# With reference to 2nd Head Art 3. of CoD, would you agree with this statement?



## Polanus1561 (Jun 10, 2019)

Christ bore the wrath of God against the sins of the whole world—the whole human race. Our sin is indivisible. It is impossible to separate the sins of the elect and the sins of the reprobate. Since the human race is one, every member is exposed to the wrath of God. Therefore, for Christ to rescue His elect, He had to suffer the wrath of God against the sin of the whole world. As far as the sufficiency of the work of Christ is concerned, it would not have made any difference whether all would have been saved or few. Even if Christ had been sent to rescue only one sinner, He still would have had to suffer the agonies of Gethsemane and Calvary.

Pronk, Cornelis. Expository Sermons on the Canons of Dort . Free Reformed Publications. Kindle Edition.


----------



## Pergamum (Jun 10, 2019)

Dort seems to say that Christ's death was sufficient to atone for the sins of the whole world; not that Christ actually did atone for the whole world. I think the quoted pastor errs.

Reactions: Like 1


----------



## Polanus1561 (Jun 10, 2019)

@JOwen perhaps you could chime in on this..

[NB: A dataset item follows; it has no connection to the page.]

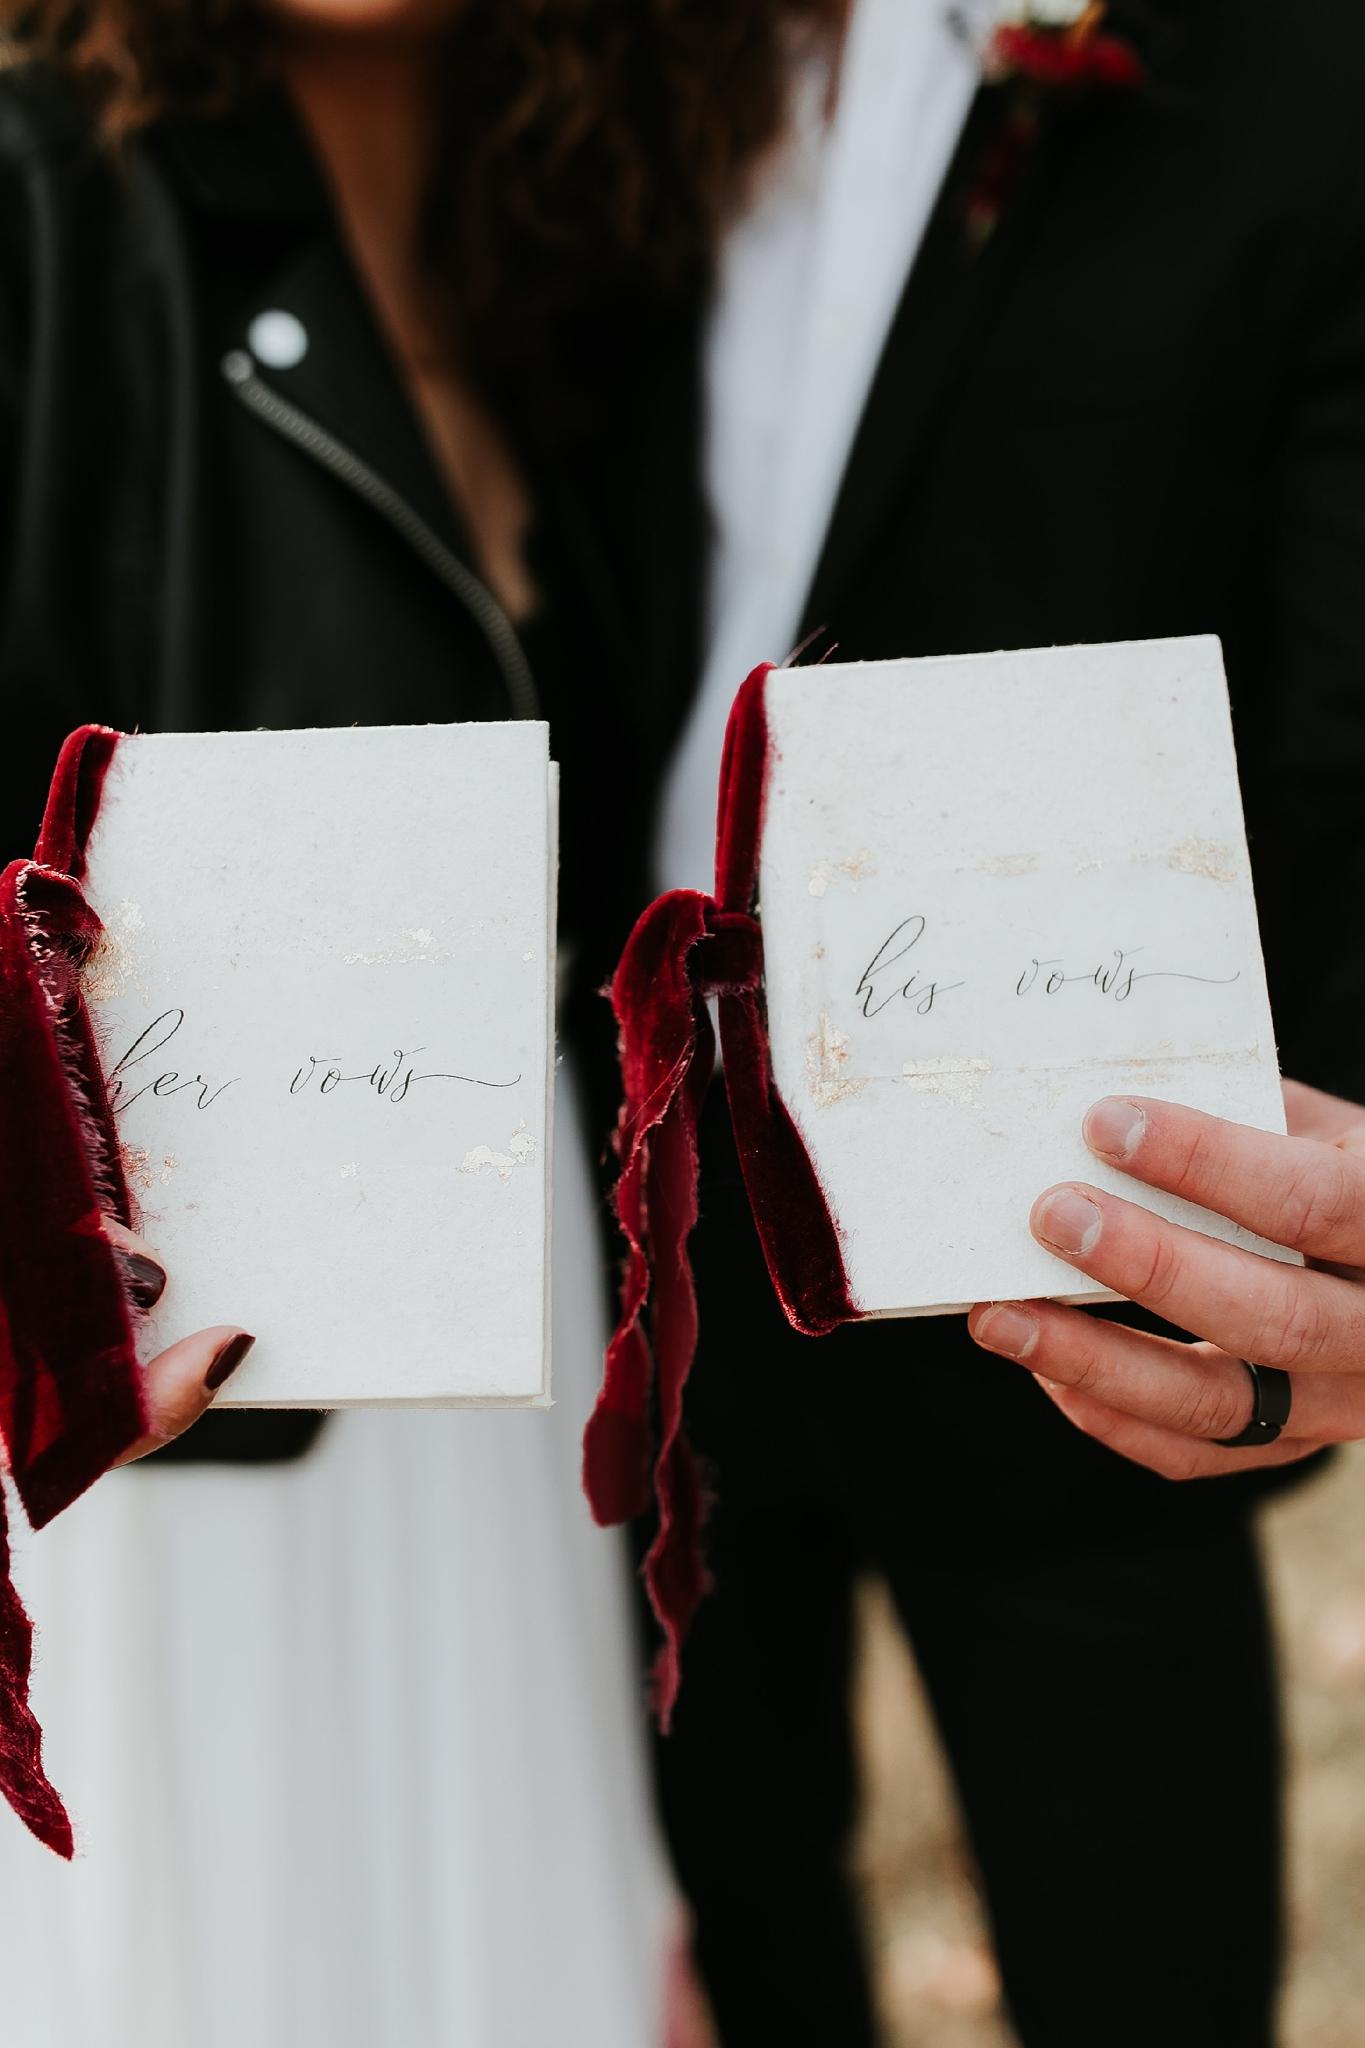 Alicia+lucia+photography+-+albuquerque+wedding+photographer+-+santa+fe+wedding+photography+-+new+mexico+wedding+photographer+-+new+mexico+wedding+-+wedding+vows+-+writing+your+own+vows+-+wedding+inspo_0041.jpg
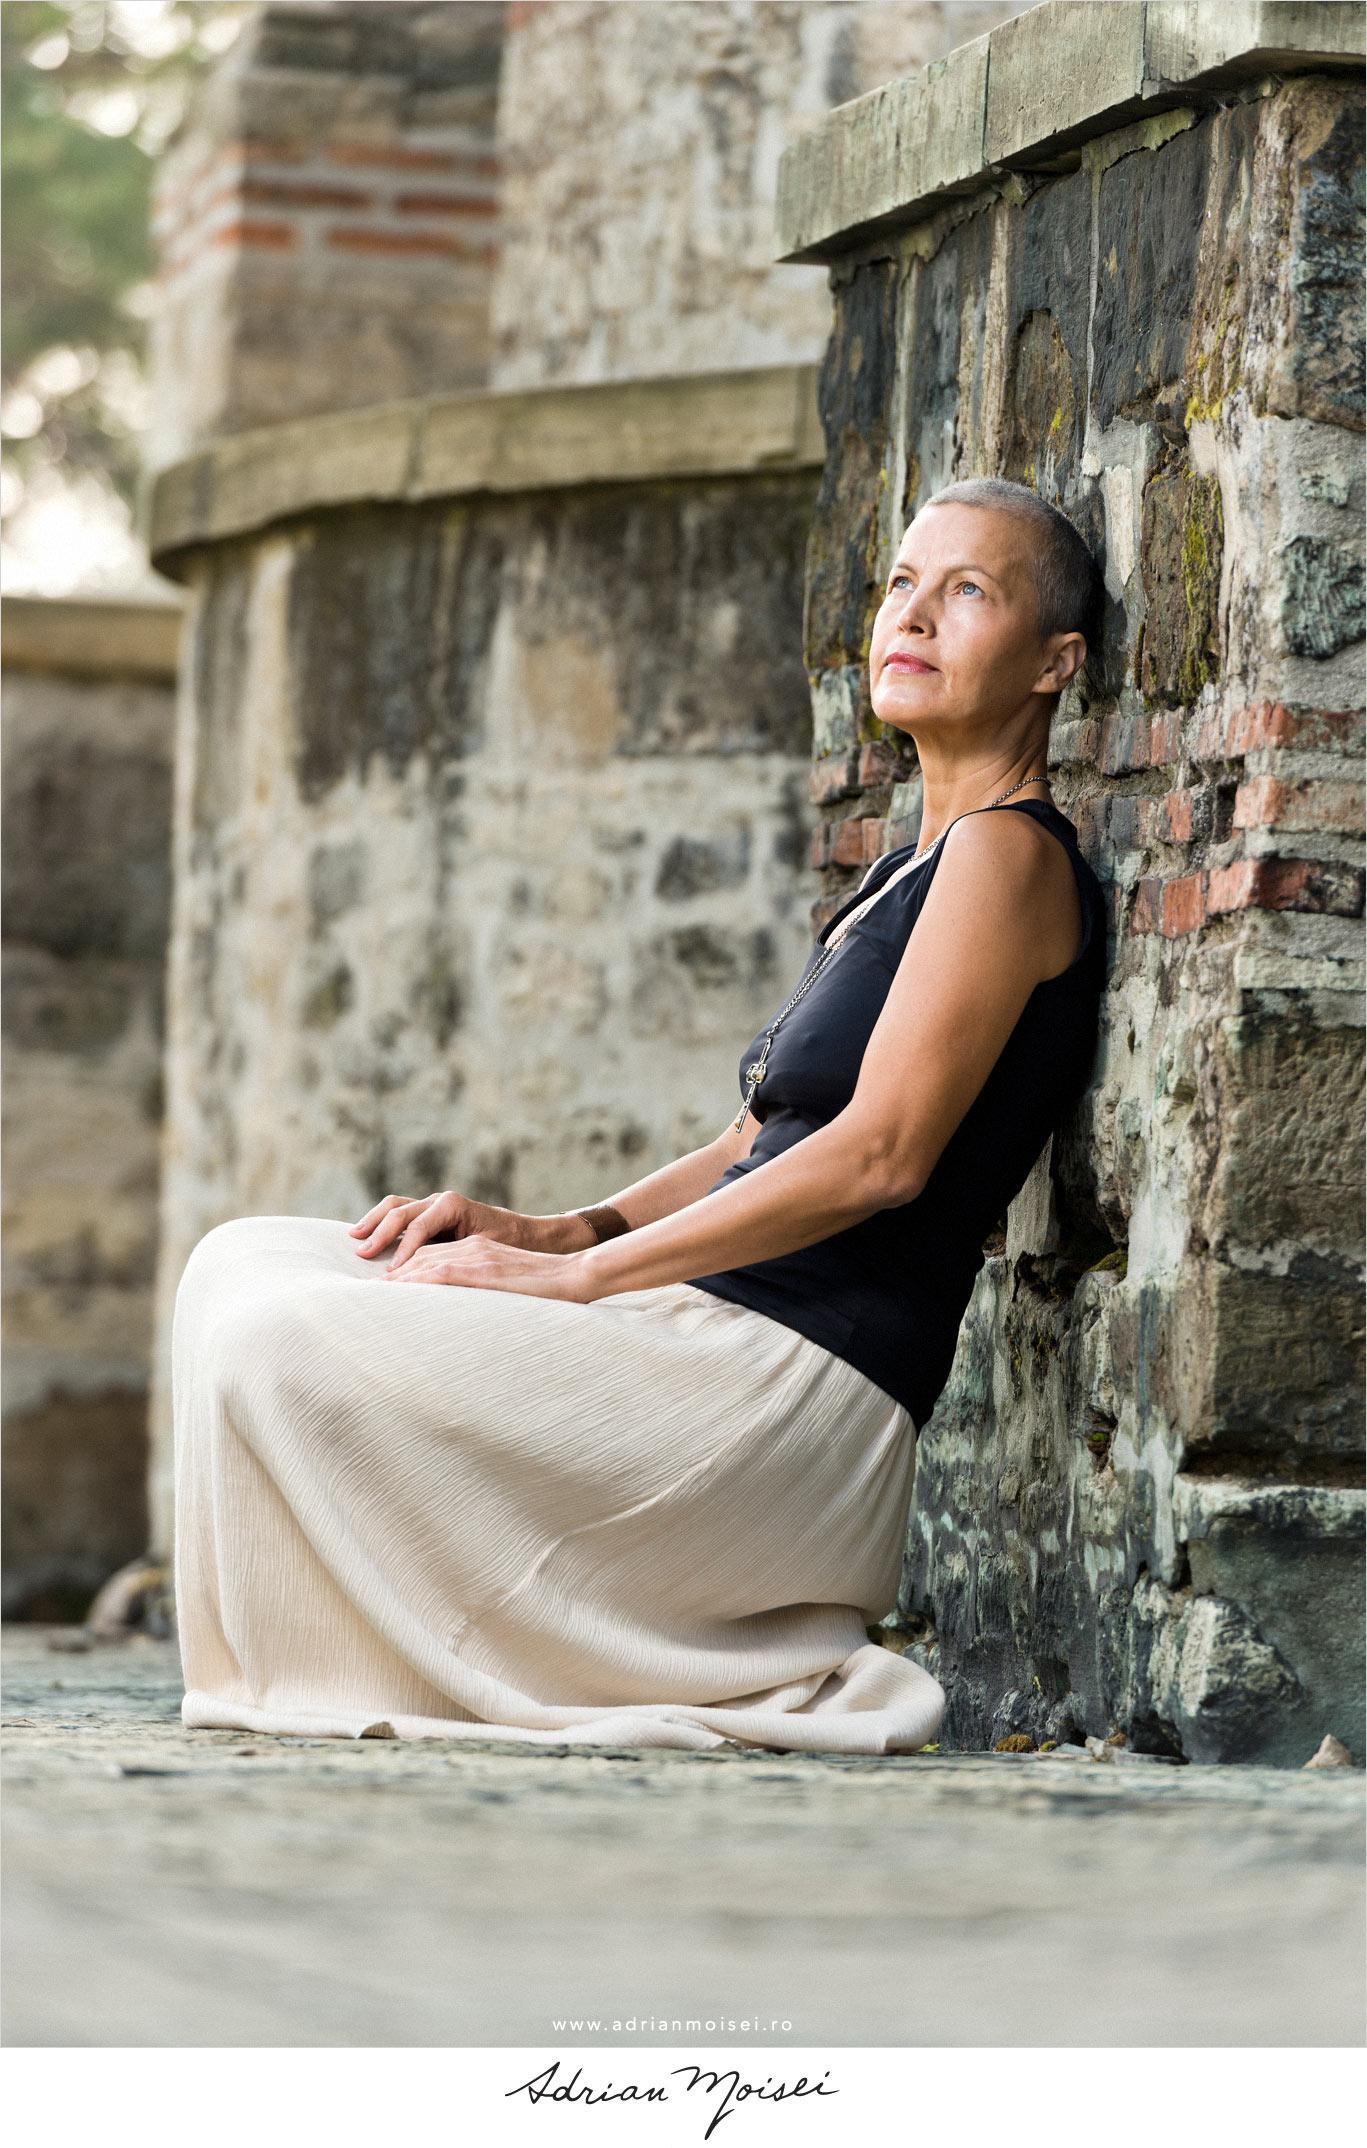 Portret de artistă la mănăstire, fotografie în natură

@Pergamum , there would definitely be a distinction in the author's mind between suffering for and effectually atoning for.


----------



## JOwen (Jun 11, 2019)

I would have put it differently than my friend and colleague. It has been a long time since I read his book (25 years). I will certainly ask him about it as I can't locate it right now to see if any qualifiers exist before or after the quote. 

What sort of punishment might be "enough" for one who sins against eternal God? We would have to conclude that it must be not only physical death, but eternal death. So the amount of punishment is the same whether we sin once or a billion times, or whether it is one sinner or a billion. If we sin today, it does not mean Christ’s punishment ended up being any harsher than it would have been if we did not sin today (which is impossible). It's a "full-as-can-be" punishment either way. This speaks to the Canon's "sufficiency" in Head 2, Article 3"
_
The death of the Son of God is the only and most perfect sacrifice and satisfaction for sin, and is of infinite worth and value, abundantly sufficient to expiate the sins of the whole world._

So how many deaths would be enough to save the elect? Even if God were willing to punish one ordinary sinless man (assuming such a person existed) for the sins of another, justice would demand one man punished for every one man who sinned. How then can Christ, who is just one man, save all who believe in Him? It is because Jesus is not an ordinary man. He is not worth one man, or five men, or even a ten-million men. Jesus is worth infinite men, because he is infinite God.

So it turns out that punishing Jesus_ could be enough_ to save all, not because the punishment was steeper than it needed to be, but because it's impossible to put a limit on the value of Jesus Christ. In the Counsel of Peace, it was covenanted that Christ would die only for the elect. This speaks to the so-called "efficiency" of the death of Christ. Notice however that our Dort fathers did not use the word _efficient_, but rather uses the word _surety _in Article 2. The sufficiency, efficiency terminology would later become the great vanguard of Baxterianism, or Amyraldism, which is an error. 

2-cents


----------



## Reformed Covenanter (Jun 11, 2019)

Is Cornelis Pronk a Hypothetical Universalist? I would agree that the HU position is accommodated by the Canons of Dort, but that they do not demand one believes in HU.


----------



## JOwen (Jun 11, 2019)

That is a good question, Daniel. In all the years I have known Rev. Pronk, I assumed he was not an HU, but I will ask him when I see him next.

Reactions: Informative 1


----------



## Dachaser (Jun 11, 2019)

Pergamum said:


> Dort seems to say that Christ's death was sufficient to atone for the sins of the whole world; not that Christ actually did atone for the whole world. I think the quoted pastor errs.


Agreed, as the qquotes seems to be stating to nus that per the scriptures Jesus death was effectually enough to have the sins of all who come to Him for salvation to be cleansed, but just Hos own purchased well come to Him.


----------